Guest Review of Six Days of Awful Fighting by Arnold Blumberg

Guest Review of Six Days of Awful Fighting by Arnold Blumberg

We are pleased to print this independent guest review of Eric Wittenberg’s Six Days of Awful Fighting: Cavalry Operations on the Road to Cold Harbor by historian Arnold Blumberg, author of When Washington Burned: A Pictorial History of the War of 1812 (Casemate Publications, 2012).

SIX DAYS OF AWFUL FIGHTING: CAVALRY OPERATIONS ON THE ROAD TO COLD HARBOR By Eric J. Wittenberg (Fox Run Publishing, 2020). Reviewed by Arnold Blumberg.

As noted by Civil War writer and historian David A. Powell in his Forward to “Six Days of Awful Fighting”, “The literature of our Civil War remains heavily focused on tactical narratives describing the big battles…It is a quirk of the genre that campaign narratives are much rarer. Thanks to that quirk, the cavalry’s role in those operations has suffered from a degree of relative neglect…”

Most of the volumes written dealing with the Blue and the Gray cavalry forces during the American Civil War highlight those mounted branches’ daring raids, scouts, long exhausting marches, and sharp melees carried-out on horseback or dismounted. Fortunately, for the sake of having the full story of what the cavalry achieved and accomplished during the third year of the Civil War in Northern Virginia, Eric Wittenberg’s latest book brings to light the not insignificant role opposing horse soldiers contributed to the “big picture” of army size military operations.

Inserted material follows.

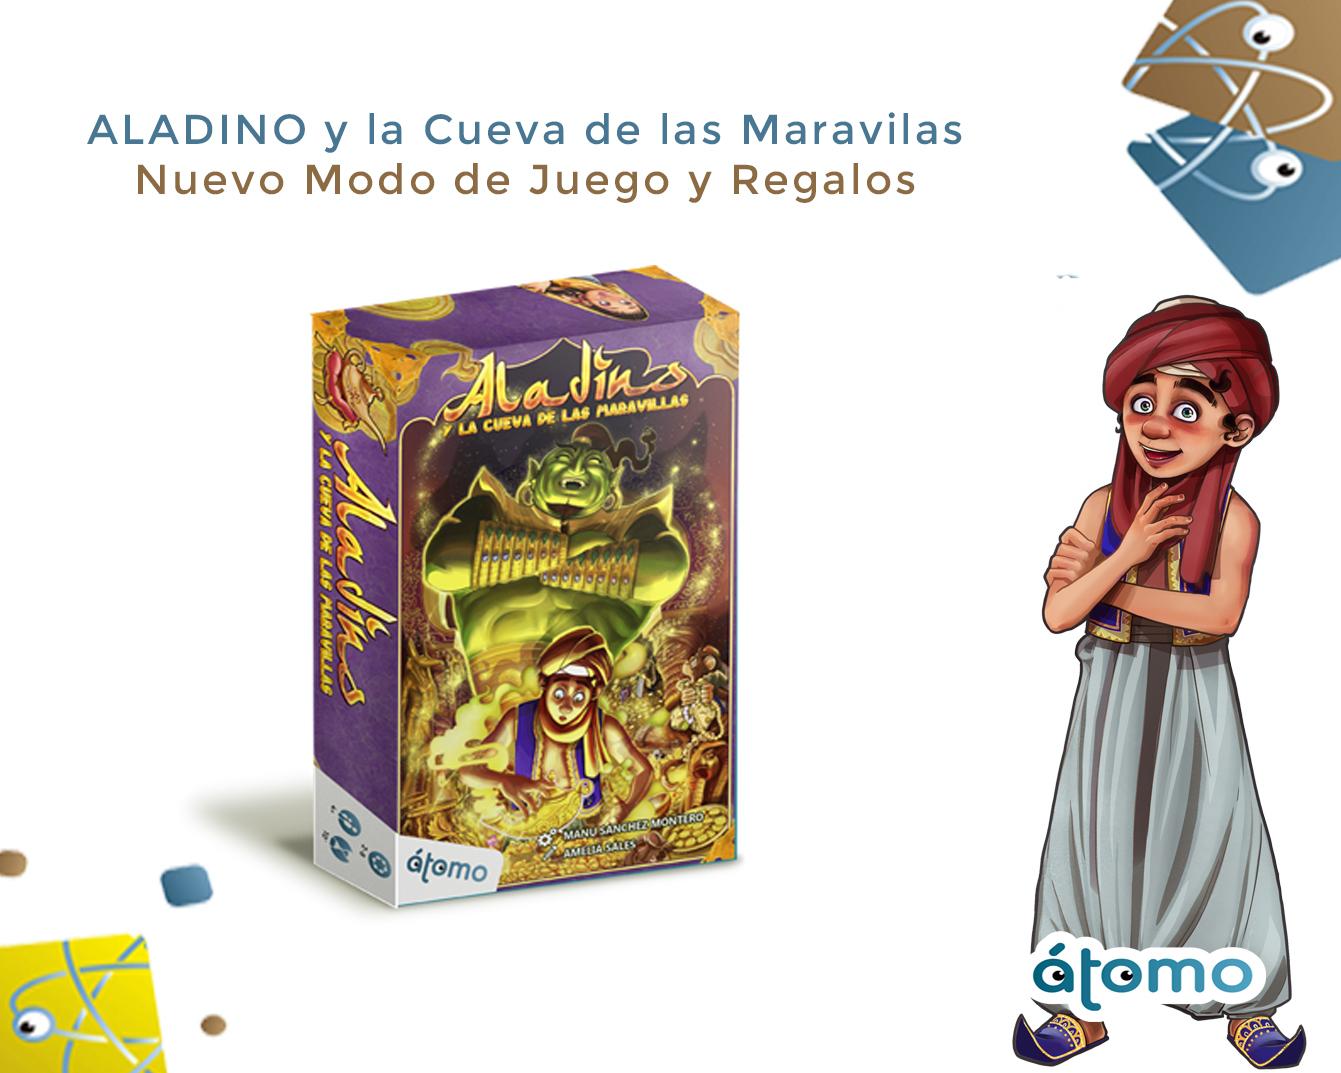 Aladino: nuevo modo de juego y regalos

The author of 24 books to date on the American Civil War, Wittenberg, an attorney residing in Columbus, Ohio, is one of the most prolific writers on the subject today. The core of his contribution to the better understanding of America’s self-inflicted internal conflict are his 18 works on cavalry actions-big and small-which detail the leaders and organization of the Federal and Confederate mounted arms, for the most part in the Eastern Theater. Chapters One, and Three do this in “Six Days of Awful Fighting”, while Chapters Four, Five, Six, Eight, Nine, and Eleven do a masterful job of detailing battle tactics and combat. “Six Days of Awful Fighting” continues Wittenberg’s quest to relate the full story of the cavalry’s vital, if overlooked, role in the American Civil War in Northern Virginia.

Divided into twelve chapters, a conclusion, and epilogue, and seven orders of battle (one for each cavalry fight engaged in during the time frame covered by the book) the study also is graced with 25 very well-done maps covering general movements as well as individual battles participated in by the contending parties. Seventy-two images, the vast majority being of Union and Confederate cavalry commanders, are also included in the book. Another rather delightful aspect of the book is that endnotes are placed at the bottom of the page which makes for easy and quick reference from the text.   

As with his other works, Wittenberg has used many standard sources to relate his story. More importantly, he has uncovered and presented scores of primary materials to enhance the descriptions of sabre, pistol and carbine combat, and how the cavalry’s activities impacted the movements and decisions of the larger land campaign in The Old Dominion during the summer of 1864. As a result, I believe the reader will discover more about cavalry tactics than he ever expected.

What also impresses this reviewer is the smooth and clear prose the author employs to seamlessly weave the tale of the cavalry movements and engagements, whether they be large ones such as Hawes Shop or the myriad skirmishes which flared-up between the contending Union and Rebel cavaliers during the last week prior to the bloodbath known as the Battle of Cold Harbor.

Kudos to Mr. Wittenberg for his latest effort and how it convincingly advances the narrative of the valuable accomplishments and fighting spirit and grit of the Northern and Southern cavalry forces in the opening stages of Grant’s Overland Campaign of 1864. I enthusiastically recommend this book.


Arnold Blumberg, an attorney living in Baltimore, Maryland is the author of “When Washington Burned: A Pictorial History of the War of 1812 (Casemate Publications, 2012). He contributed seven cavalry related articles to Heidler’s and Heidler’s Encyclopedia of the American Civil War (ABC-CLIO, Inc, 2000). The author of numerous articles printed in both domestic and foreign military history magazines, he has written on a wide range of military topics including American Civil War cavalry.